Senior official’s dismissal raises suspicions in Westminster
Mark Carney is to be interrogated by MPs because of the refusal by the Bank of England to talk about the forex-rigging affair their senior official is highly connected to. The latter was fired a day before an independent review was published, criticizing him for what he did.
A chief forex dealer of the Bank, Martin Mallett, was reportedly dismissed for severe misconduct that “isn’t connected to the affair in any way”. This sounds weird while six global banks are about to pay £3 billion fines for their attempts to manipulate foreign exchange benchmarks.
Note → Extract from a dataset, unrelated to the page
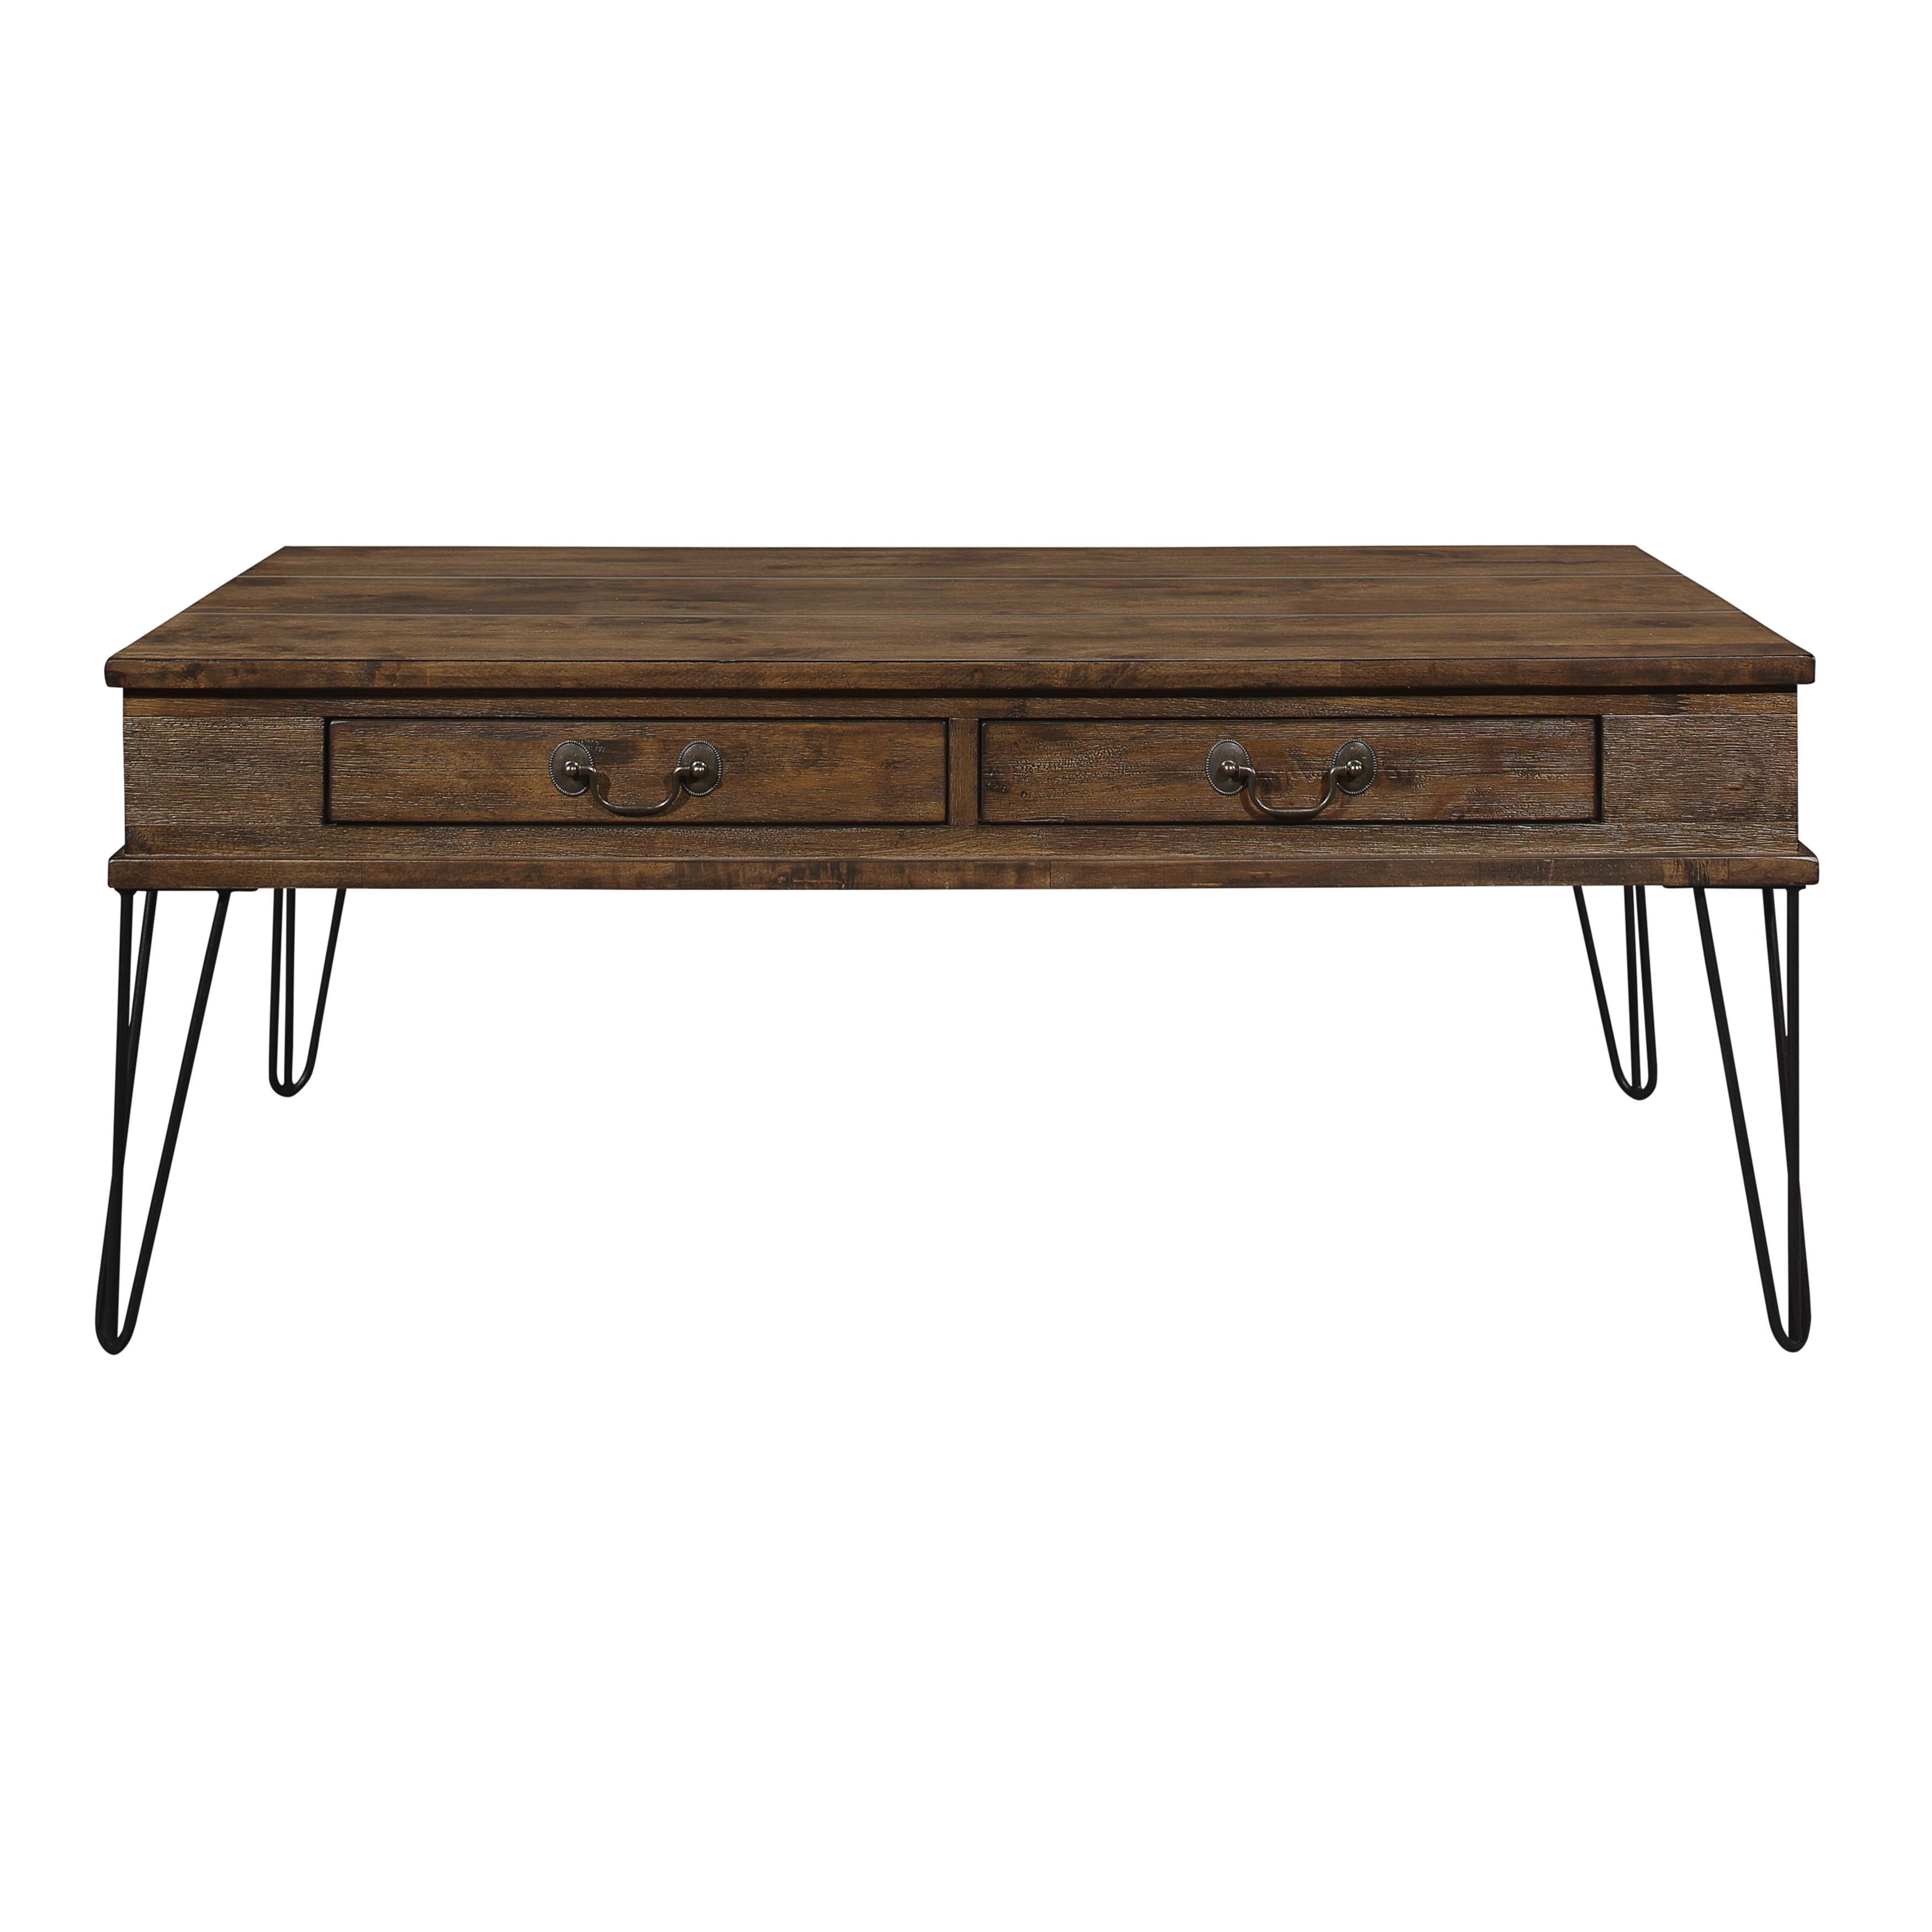 Transitional Cocktail Table 3670M-30 Shaffner 3670M-30 in Oak

A report by Lord Grabiner that was published yesterday put Mr Mallett under critique. He didn’t raise suspicions on the strange behaviour within the forex market that processes about $5 trillion in one day. Still, Threadneedle Street said the fail of the chief forex dealer isn’t connected with this firing in any way.
The Bank only said that Mr Mallett violated some internal policies of the institution. They say no more reasoning it with the privacy of the Bank.
That failed to satisfy MPs, who have in the past been critical of the lack of transparency at the Bank and its failure to grapple with City wrongdoing.
Andrew Tyrie, chairman of the Treasury select committee and former chairman of the Parliamentary Banking Standards Commission, told The Times: “I will be raising this issue with the governor when he comes before the committee in less than a fortnight.” It is the second time the Bank has been caught up in trading scandals. In 2012 its deputy governor at the time, Sir Paul Tucker, was accused of turning a blind eye to the manipulation of Libor interest rates and being too close to Bob Diamond, the Barclays chief at the time. He denied any wrongdoing but left the Bank last year.
Mr Mallett, the Bank’s chief forex dealer, was dismissed 24 hours before the findings of the Grabiner investigation, which yesterday found him guilty of an error of judgment in failing to escalate his concerns. In emails and recorded phone conversations going back to 2006, Mr Mallett repeatedly discussed suspicions about the possibility of collusion and improper behaviour in the forex market, but never raised his concern with his bosses or outside conduct regulators.
“This was an error of judgment for which he should be criticised,” Lord Grabiner said, adding, however, that Mr Mallett had not acted in bad faith.
The Bank revealed that Mr Mallett had been dismissed only in response to media inquiries, with officials insisting the timing of his departure was just a coincidence. The evidence for Mr Mallett’s unspecified misconduct was unearthed as a result of a trawl of documents, emails, phone recordings and chat-room transcripts instigated at the start of the Grabiner investigation.
As chief forex dealer Mr Mallett had general responsibility for buying and selling foreign currency for all government departments and helping them to hedge forex exposures. His desk was responsible for managing Treasury reserves being deployed to support the pound. It also gathered market intelligence to help Bank policymakers.
As part of this role, Mr Mallett went to dinners with bank forex traders, opening him up to suggestions he may have become too close. Internal Bank policies include rules on not profiting from information acquired in the course of Bank duties and not accepting excessive gifts or hospitality.
Mr Mallett has continued to be paid since his suspension in March, but will not receive a payoff. A 28-year veteran of the Bank, he is likely to have accumulated a large final-salary pension, which he would not forfeit in this case.